853. Car Fleet¶
Each car moves toward the target at a constant speed. A faster car may catch up to a slower car ahead of it, but once
they meet, they form a fleet and continue together at the slower speed.
If a car behind would reach the target earlier than or at the same time as the car ahead, it must catch up respective cars before the target and therefore becomes part of the same fleet. This turns the problem into comparing arrival times, not positions over time.
Since the car ahead controls the pace, we sort them by position in descending order, so we process cars closest to the target first. For each car, compute the time to reach the target: \(time = (target - position) / speed\). To track the arrival time for each fleet, we can use a stack where each element in the stack represents the arrival time of a fleet. When processing cars from closest to farthest:
- If the current car’s arrival time is less than or equal to the time at the top of the stack, it will catch up and merge with that fleet.

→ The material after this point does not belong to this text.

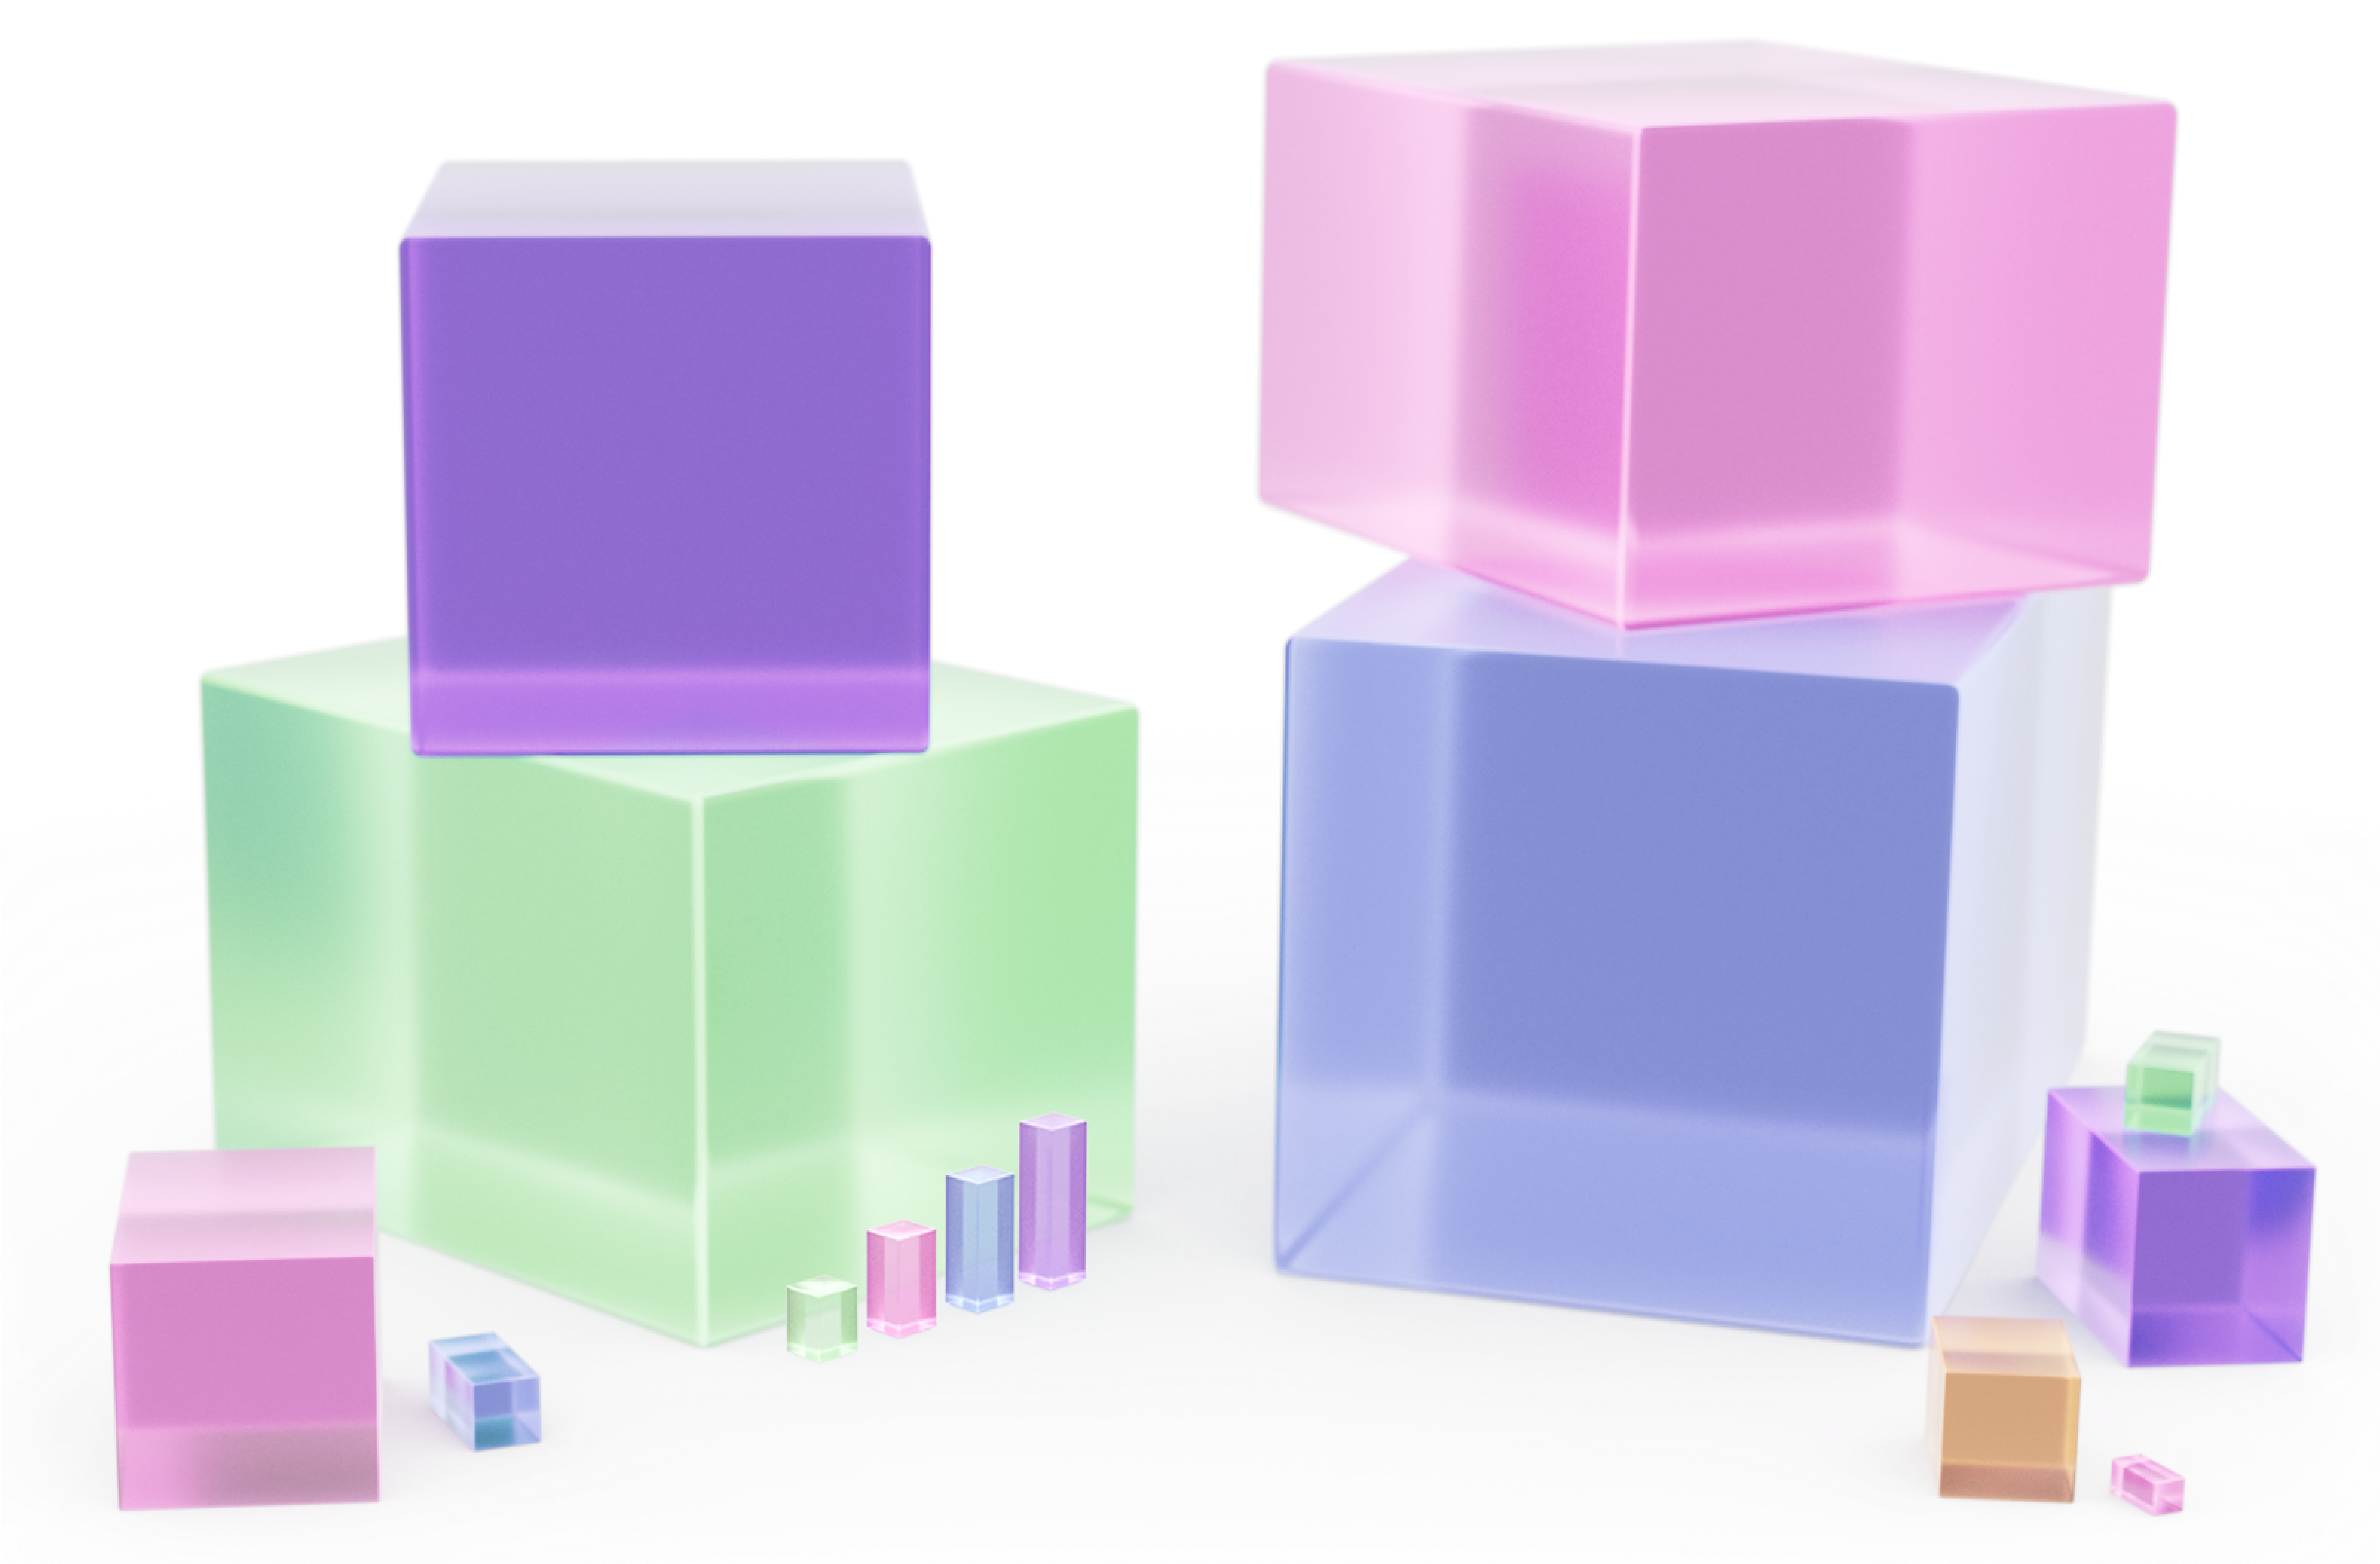 A graphic of some stacked boxes to symbolise containers.
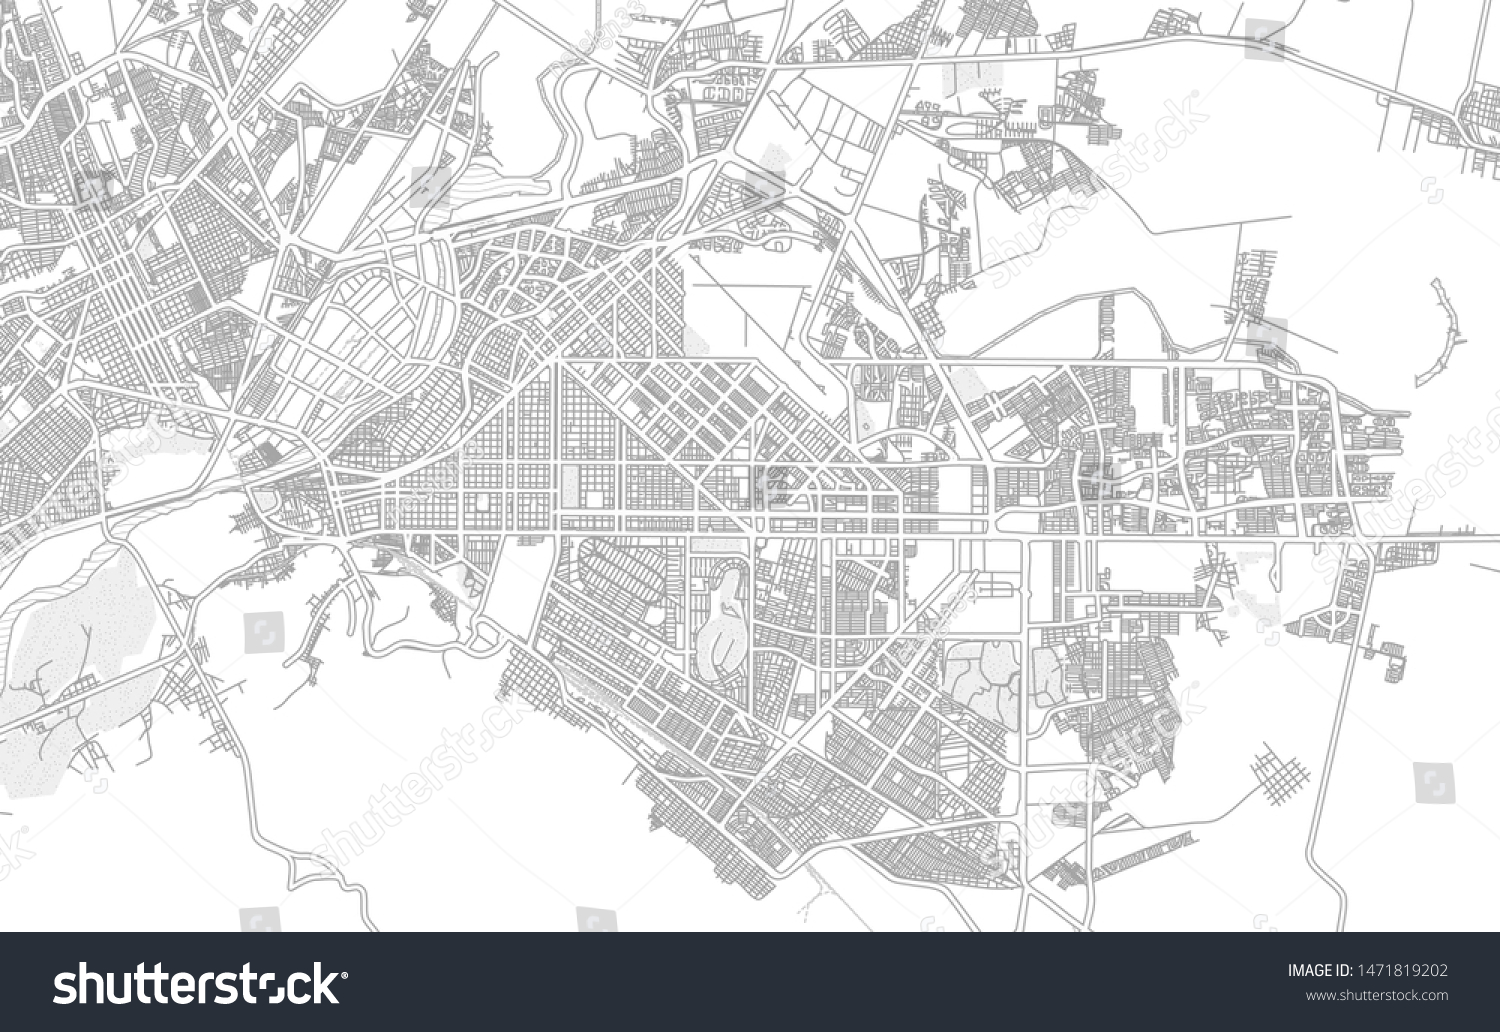 Coahuila Mexico Bright Outlined Vector Map Stock Vector Royalty

- Otherwise, it forms a new fleet and its time is pushed onto the stack.
This works because once cars are sorted by position, a car can only interact with the fleet immediately ahead of it.
Runtime Complexity
Time: \(O(nlogn)\), since we used sorting
Space: \(O(n)\), from stack
type Car struct {
pos int
speed int
}
func constructCars(position []int, speed []int) []Car {
cars := make([]Car, len(position))
for i := range position {
cars[i] = Car{position[i], speed[i]}
}
sort.Slice(cars, func(i, j int) bool {
return cars[i].pos > cars[j].pos // reverse=True
})
return cars
}
func carFleet(target int, position []int, speed []int) int {
var stk []float64
cars := constructCars(position, speed)
var l int
for _, car := range cars {
stk = append(stk, float64(target-car.pos)/float64(car.speed))
l = len(stk)
if len(stk) >= 2 && stk[l-1] <= stk[l-2] {
stk = stk[:l-1]
}
}
return len(stk)
}